== Given records ==
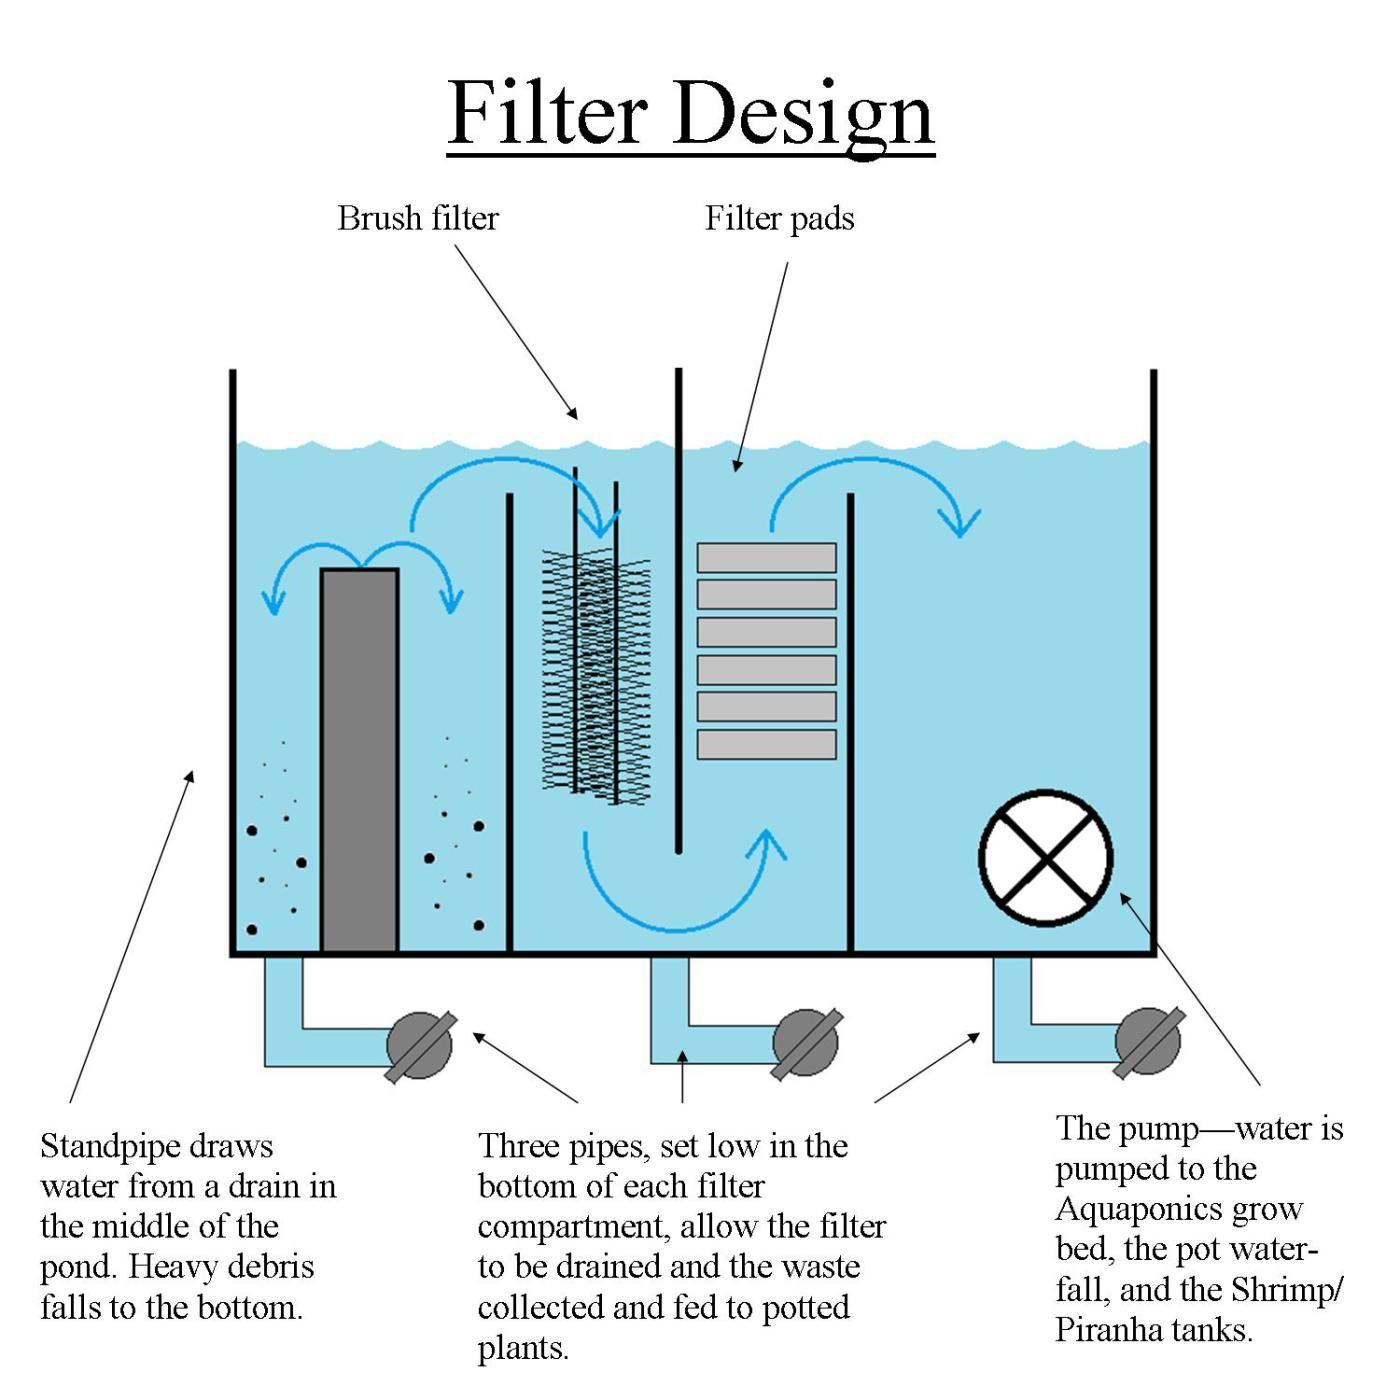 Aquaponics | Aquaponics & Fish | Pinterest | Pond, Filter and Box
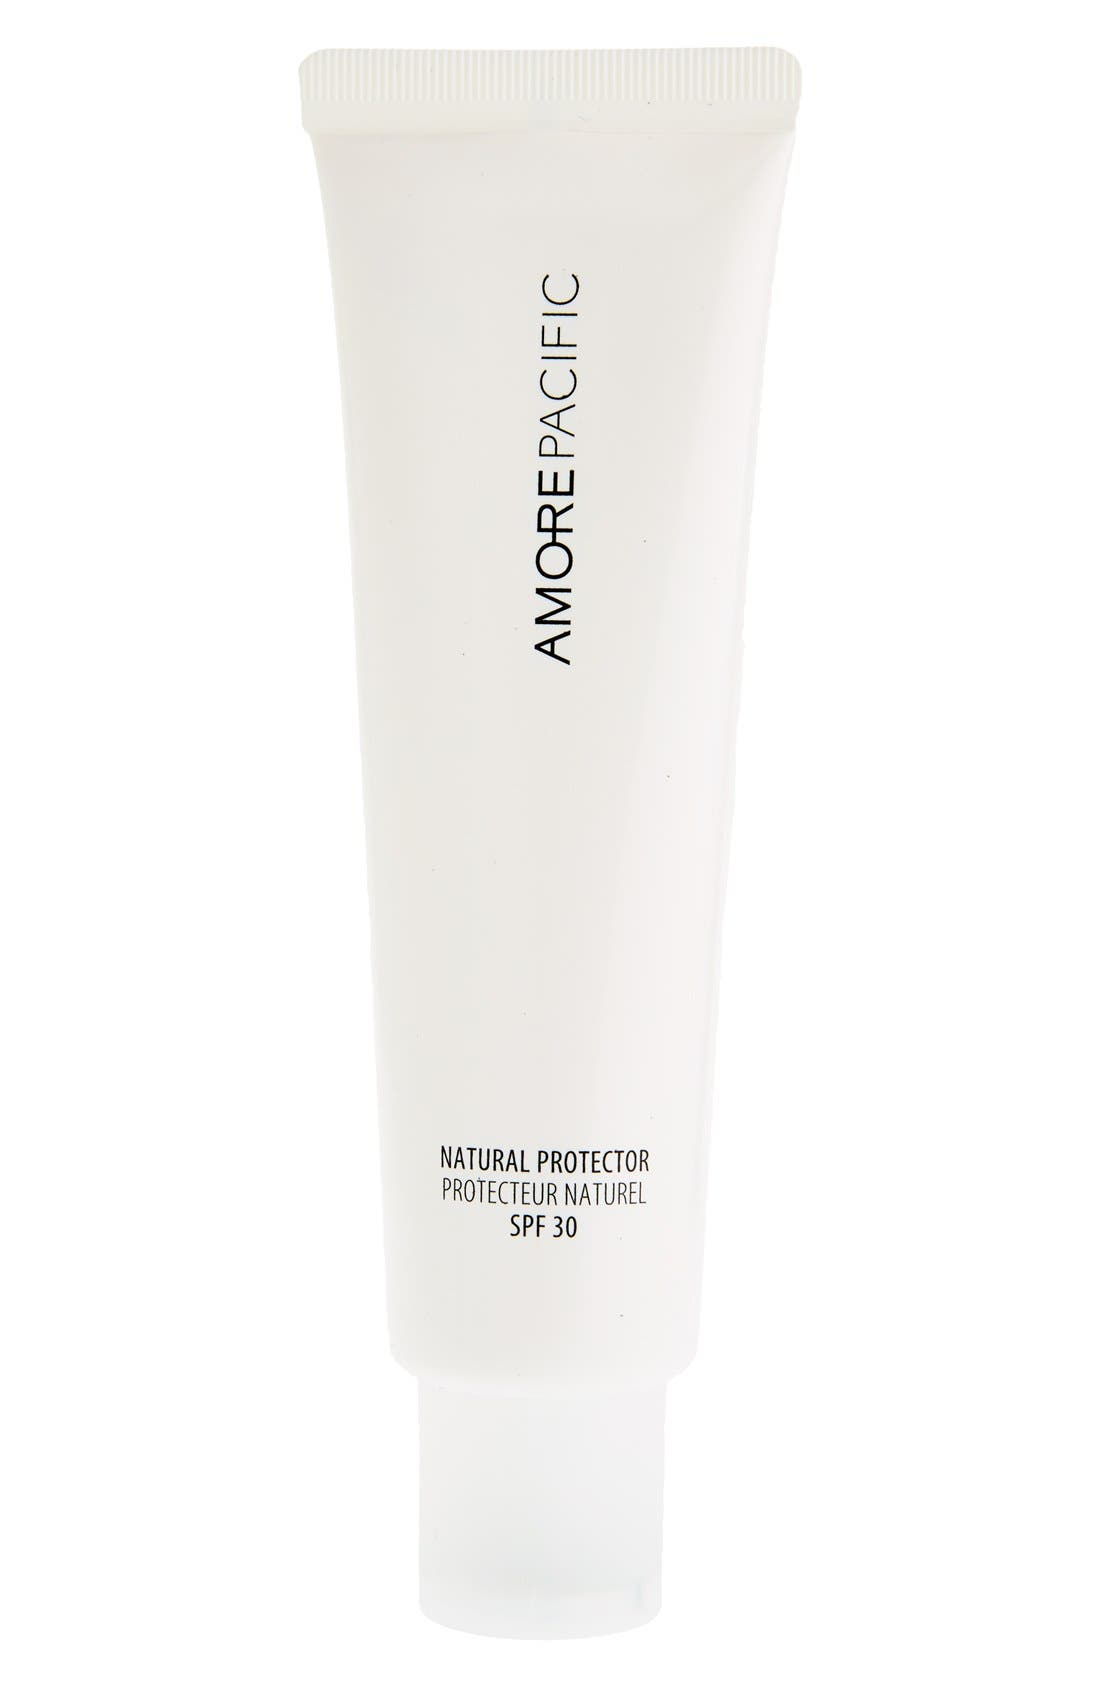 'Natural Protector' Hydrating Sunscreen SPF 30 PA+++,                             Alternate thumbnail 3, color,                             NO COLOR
===
== Given records ==
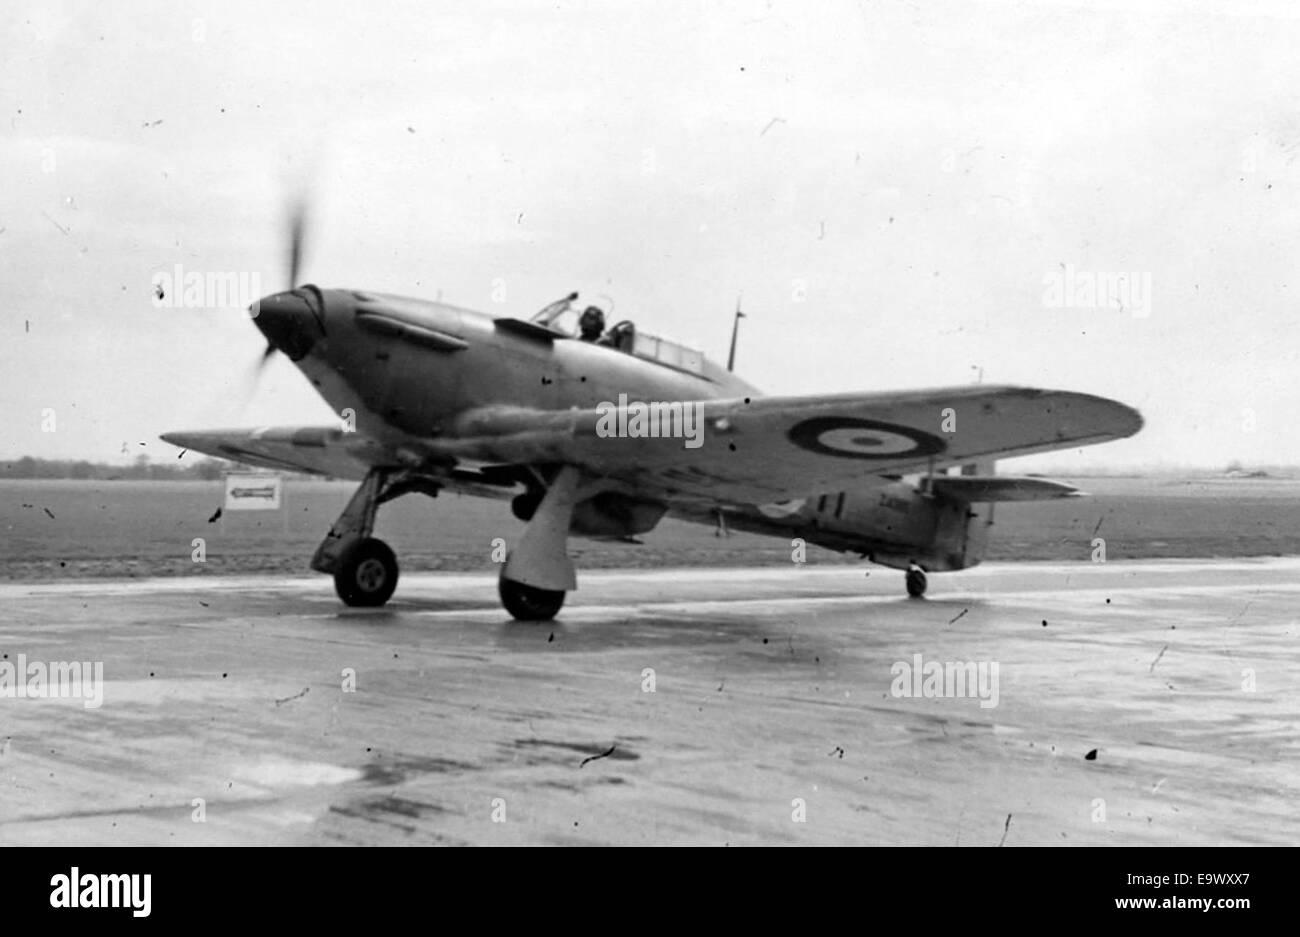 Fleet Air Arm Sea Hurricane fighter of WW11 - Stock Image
===
== Given records ==
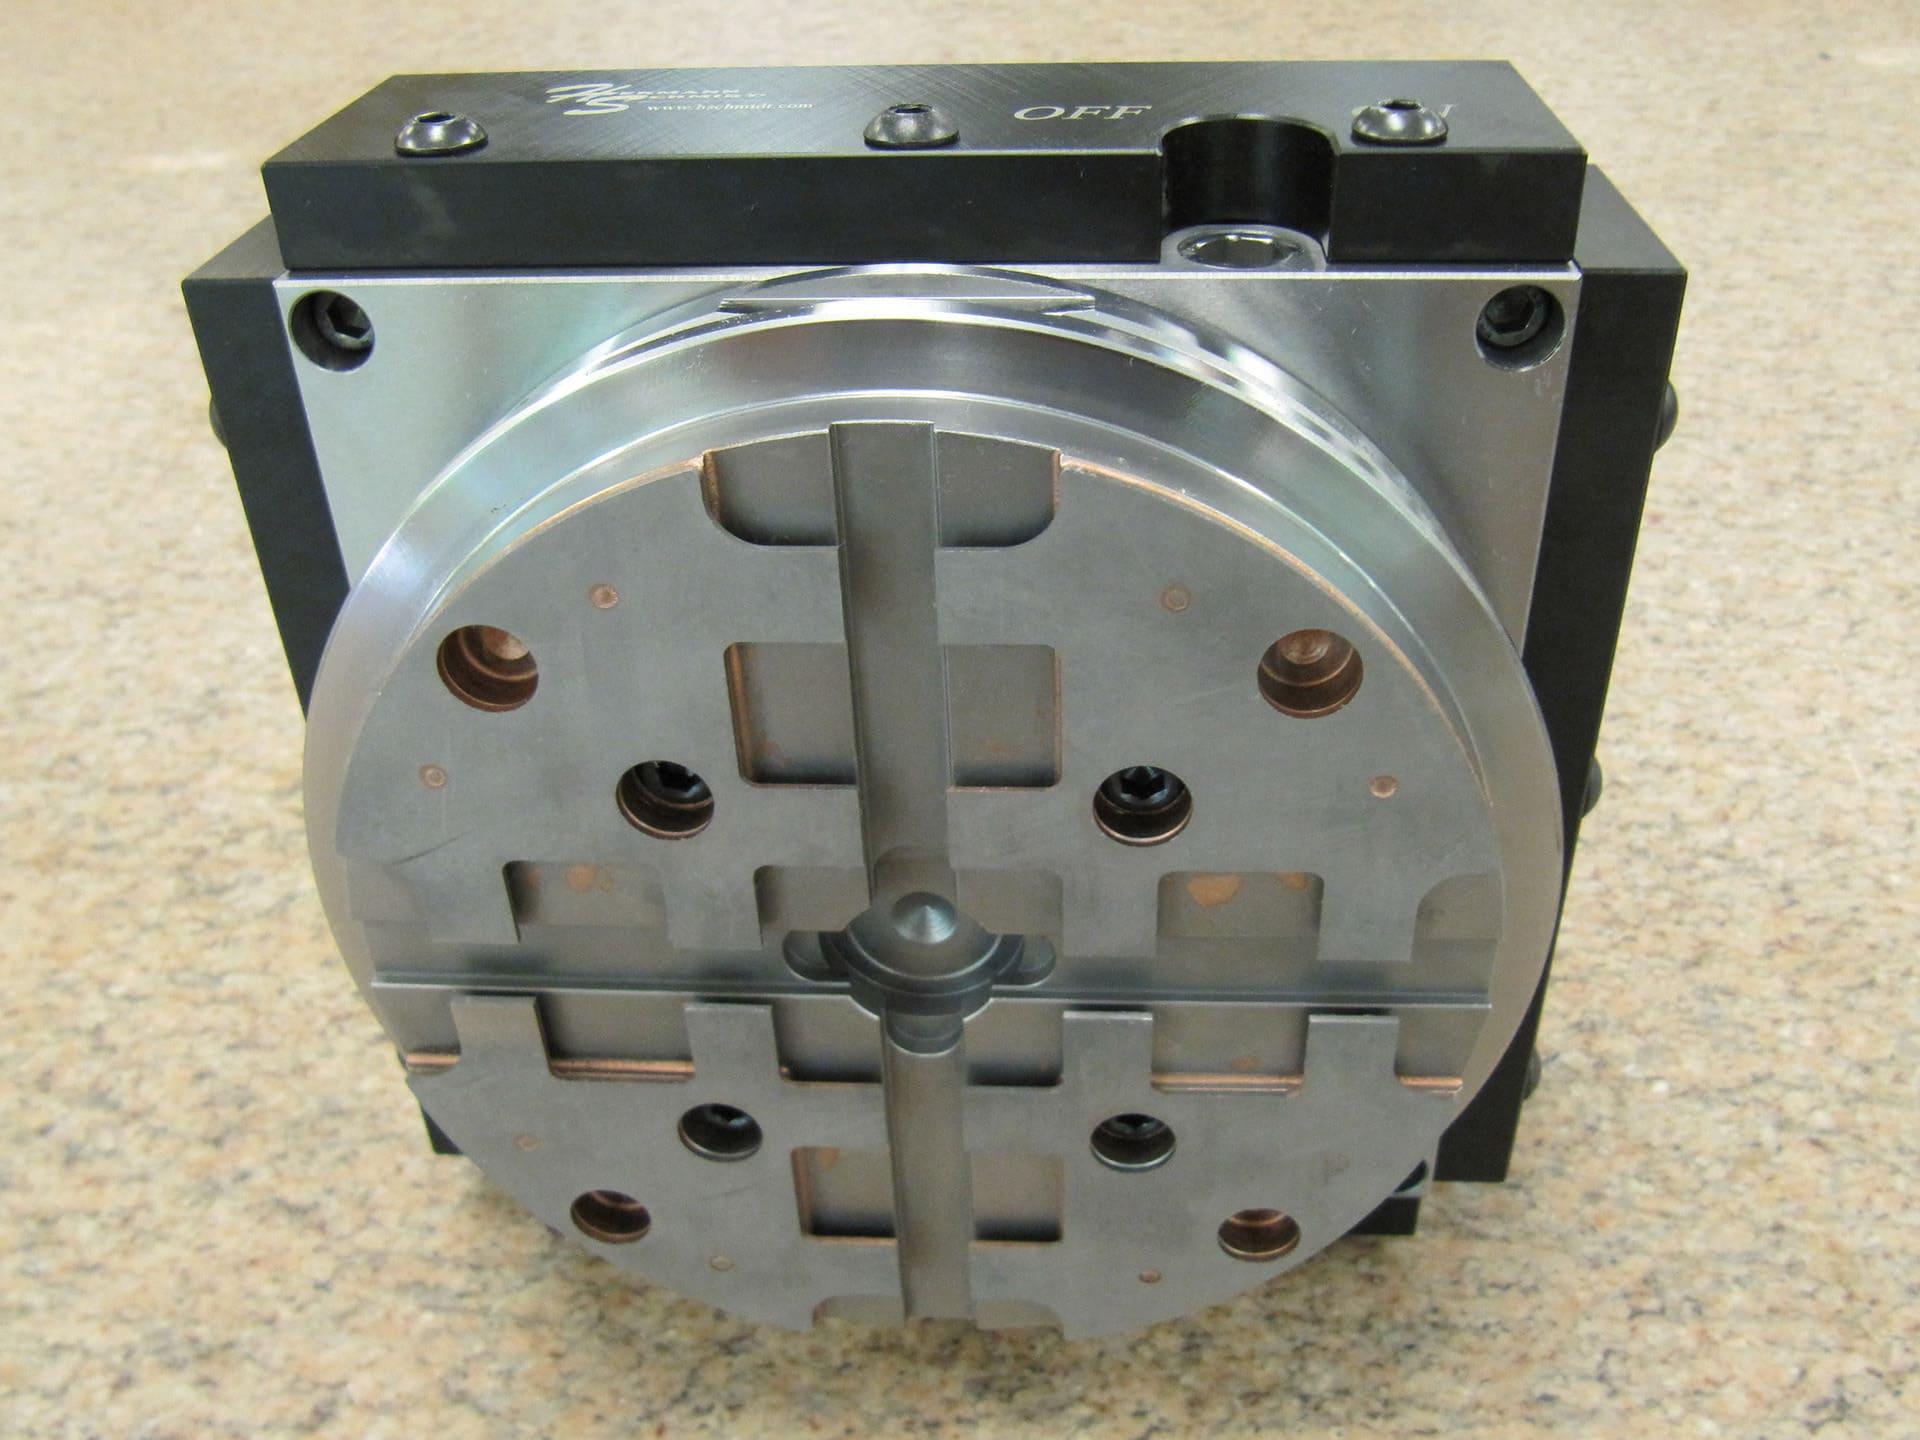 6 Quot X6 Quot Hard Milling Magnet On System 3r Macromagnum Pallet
===
▶ [The problem] Above are the records; restate exactly the lines from the one containing "Aquaponics | Aquaponics" through the one containing "Protector' Hydrating Sunscreen", keeping pictures out.

▶ [Exercise output]
 Aquaponics | Aquaponics & Fish | Pinterest | Pond, Filter and Box
 'Natural Protector' Hydrating Sunscreen SPF 30 PA+++,                             Alternate thumbnail 3, color,                             NO COLOR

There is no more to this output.